Pertanyaan kedua adalah kenapa orang kampung naga ini tidak mengikuti nu ataupun muhamadiyah. Dan juga kenapa mereka sangat ramah dan tidak anti terhadap perbadaan. Pertanyaan itu saya lontarkan kepada Mang Eno dan saya mendapat jawaban yang menyentuh hati saya. Mang Eno menjawab “Agama,Ras,Suku perbedaan, dan perbedaan itu hanyalah warna dari dunia. Semakin banyak perbedaan semakin indah pula dunia ini”.

Mereka tidak merasa mereka yang paling benar. Mereka hanya mengikuti alquran sebagai pedoman mereka. Mereka juga memiliki prinsip, kalau mereka disakiti mereka tidak marah, mereka mendoakan orang yang menyakiti mereka. Ini tidak asing di kuping saya, seperti ajaran yesus “bila pipi kirimu ditampar, beri pipi kananmu”. Saya merasa perbedaan tidak adalagi pada saat itu.
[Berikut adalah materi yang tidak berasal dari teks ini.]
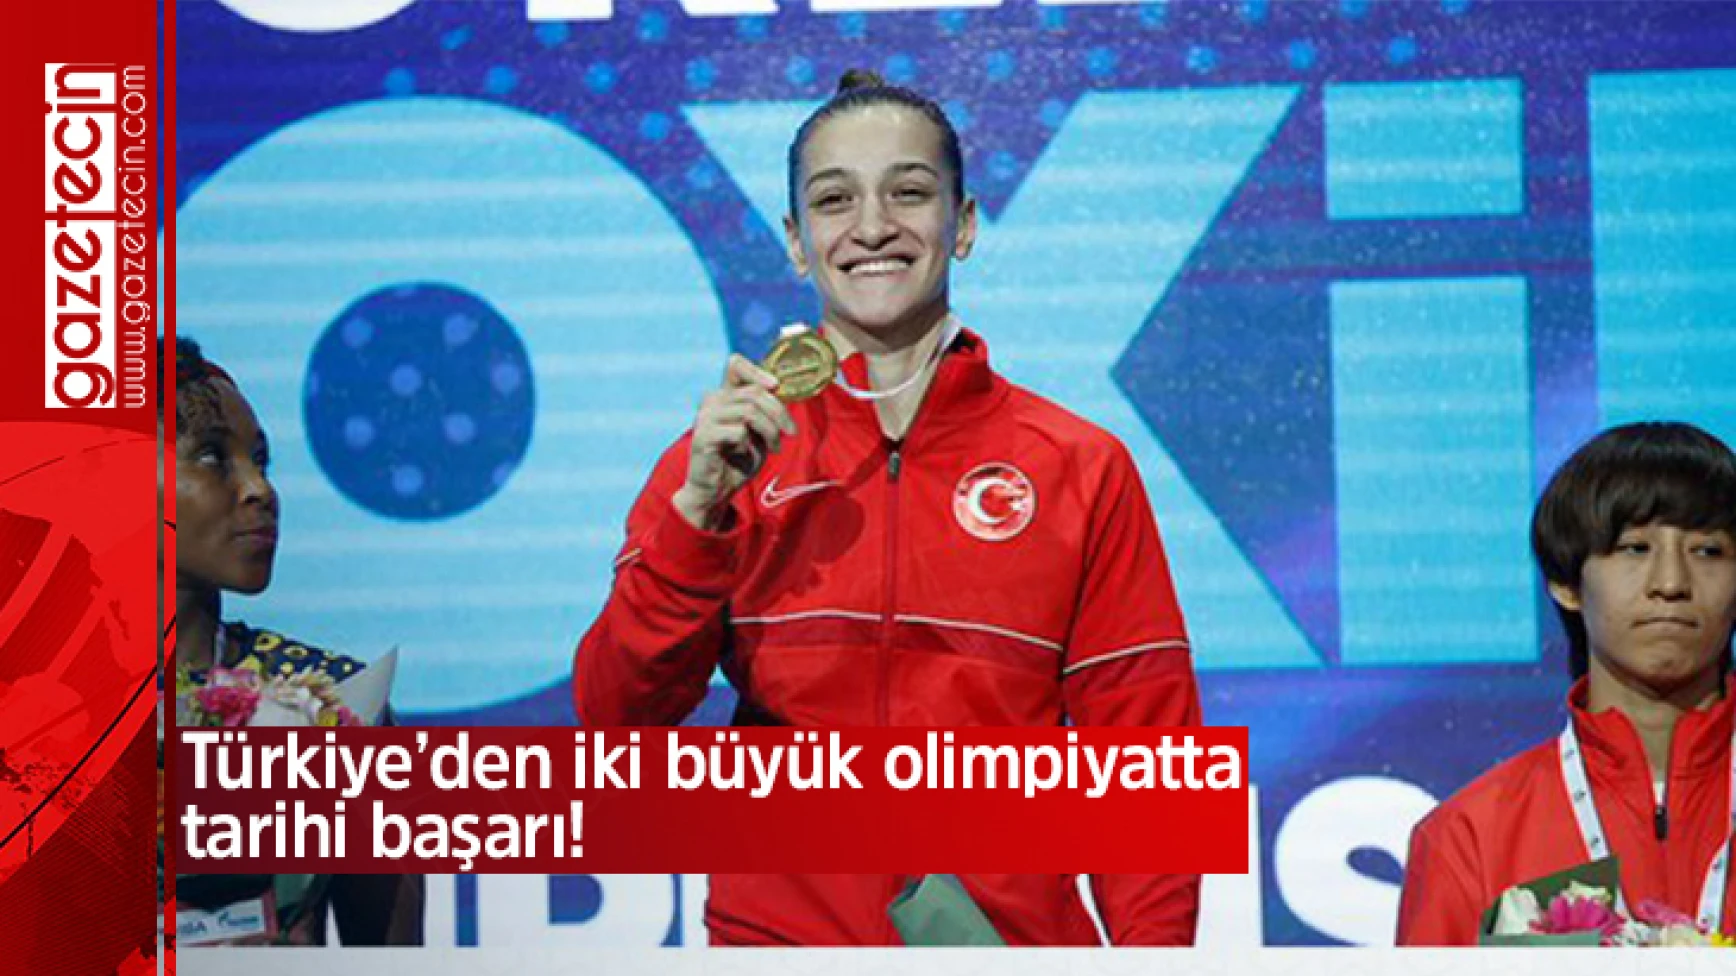 Türkiye’den iki büyük olimpiyatta tarihi başarı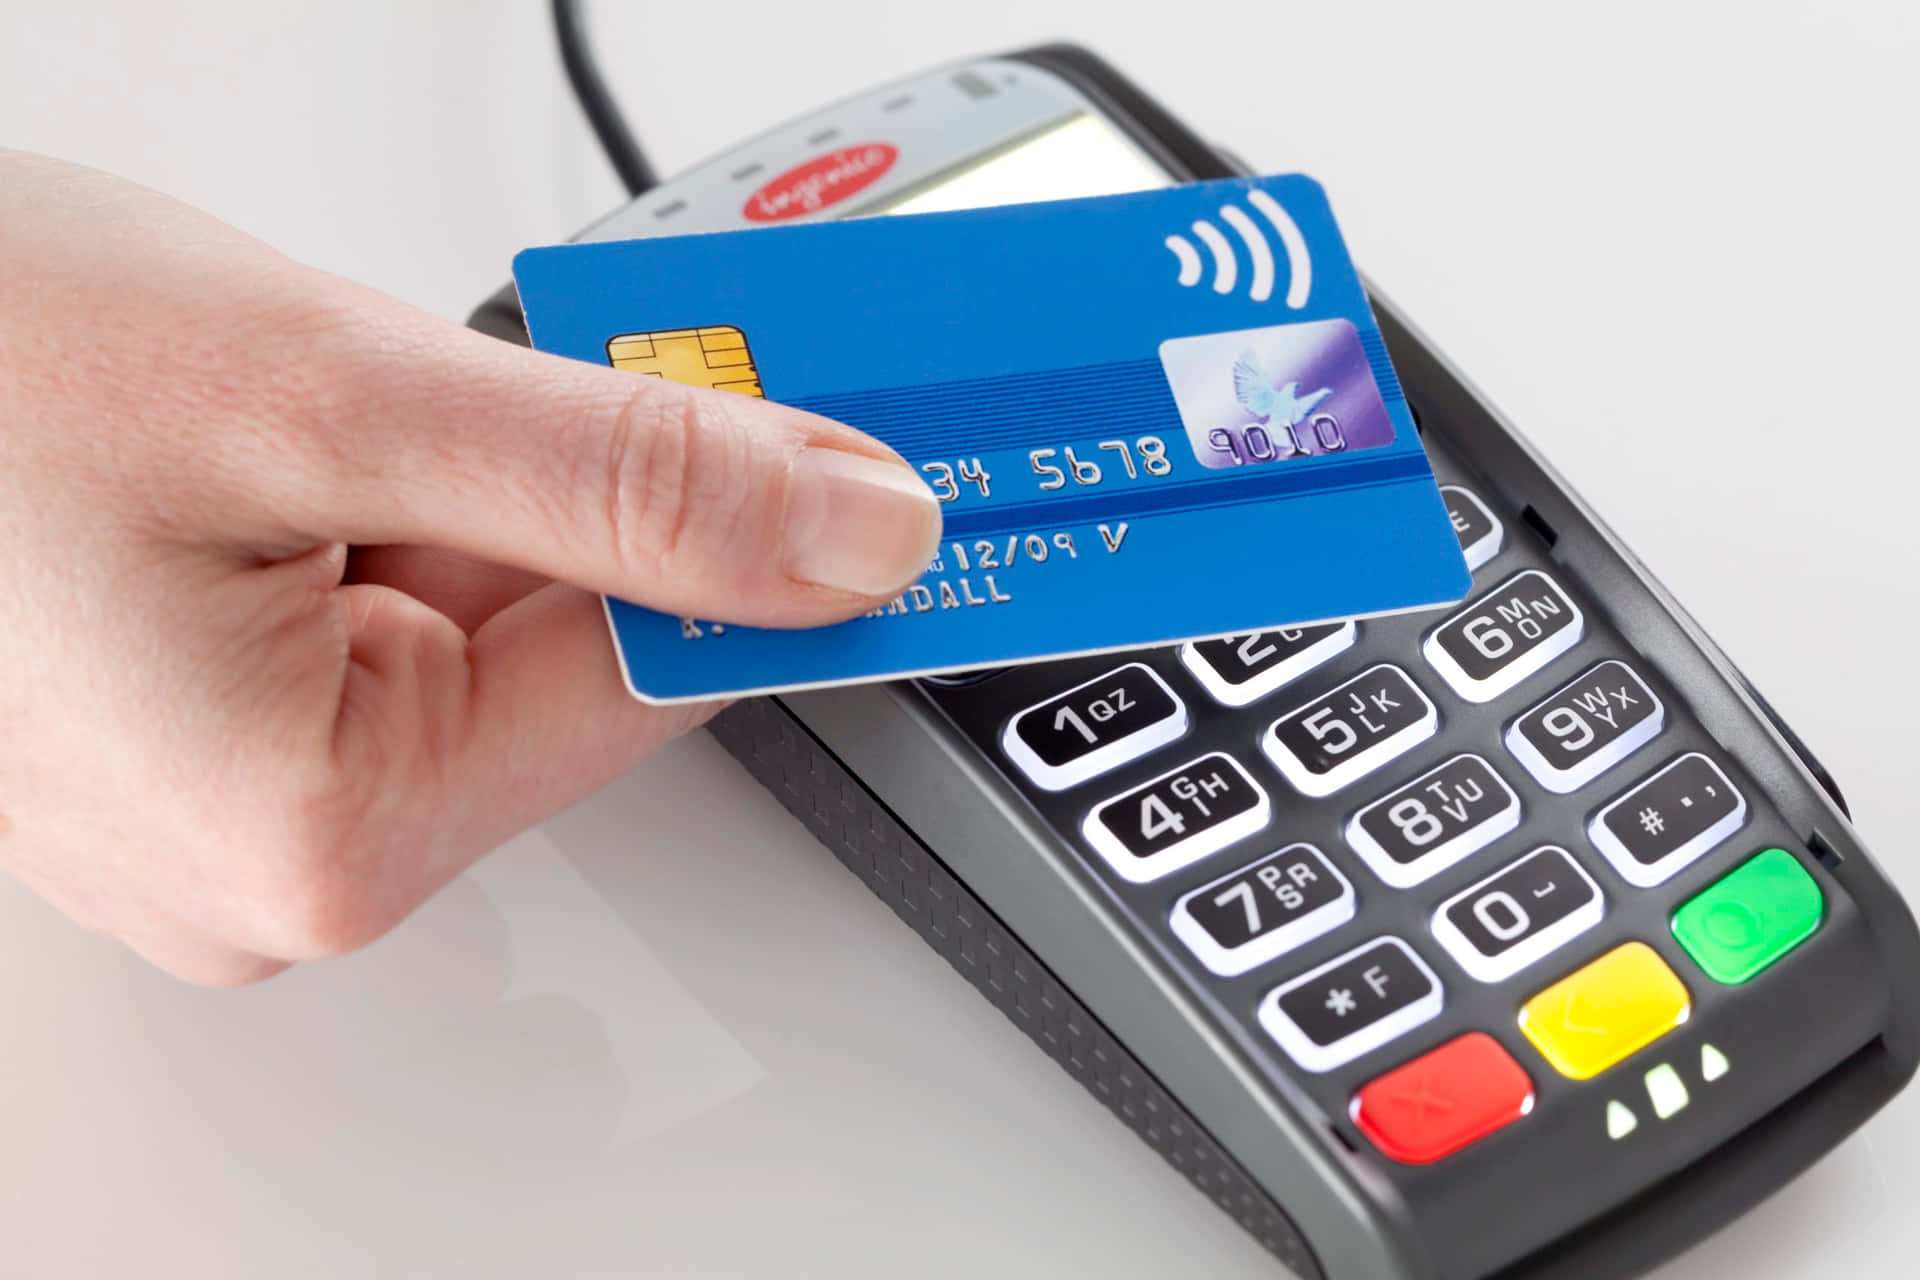 Enperson Håller I Ett Kreditkort Framför En Betalterminal.

Tampaknya mereka sama dengan saya.
Ada filosofi yang saya ambil dari kampung naga. “Lebih takut hidup daripada takut mati”. Aneh kenapa mereka memiliki filosofi tersebut. Saya menanyakan kepada mang Eno dan jawabannya mengejutkan saya. “karena kalau hidup, kita bisa berdosa, kita bisa menyakiti orang orang, tapi kalau mati, tidak bisa.” Sesimple itu jawabanya tapi itu sangat berarti bagi saya.

Pertanyaannya selanjutnya, kenapa mereka tidak mau listrik masuk ke kampung ini. Bukankah listrik sumber hidup masyarakat jaman sekarang? Jawabannya adalah mereka tidak mau mental anak mereka rusak karena ajaran tv yang isinya tidak bermutu. Tv juga menimbulkan jenjang sosial diantara mereka. Kalau si a punya tv, si b juga mau. Bagaimana dengan si c yang tidak mampu membeli tv?

Tapi bukan berarti mereka tidak nonton tv sama sekali. Diatas, di kantor penerimaan tamu atau pengelola kampung naga,disana ada tv dan listrik. Mereka hanya tertarik dengan berita, mereka hanya mau mendidik diri mereka untuk pintar. Sesuai dengan prinsip tadi, ambil yang baik, buang yang buruknya. Dan juga mereka takut listrik menyebabkan korslet dan memicu terjadinya kebakaran.mengingat rumah mereka yang terbuat dari bahan yang mudah terbakar.

Saya juga mendapati bahwa mang Eno bukan hanya tinggal di kampung naga. Namun dia juga pernah merantau ke bogor,bali dan tempat lainnya, saya di ceritakan bagaimana susahnya dia tinggal di ibu kota. Namun ada hal menarik dicerita tersebut.

Bukan hanya saya yang belajar KAB namun Mang Eno juga belajar KAB. Selama mang Eno menjadi pedagang. Dia kerap kali bertemu dengan preman yang sering meminta uang jatah reman ke setiap pedagang yang ada disana. Mang Eno hanya berbekalkan ramah tamah. Hingga ada kesimpulan, kalau ada orang jahat sama kita, kita baikin saja, sampai nanti dia akan segan dengan kita. Mang Eno pun mampu membaur dengan lingkungannya. Namun pikiran akan keuangan membuatnya jenuh. Diapun memutuskan untuk kembali ke kampung Naga.

Dan itu adalah Emas dari Kampung Naga. Sedikit namun banyak yang bisa saya beri ke kalian para pembaca. Dan yang saya simpulkan dari observasi budaya adalah,”Jangan Cari Pengetahuan, Cari Ilmu dari Budaya tersebut” karena pengetahuan bisa kita cari di internet tapi ilmu hanya dapat dari komunikasi.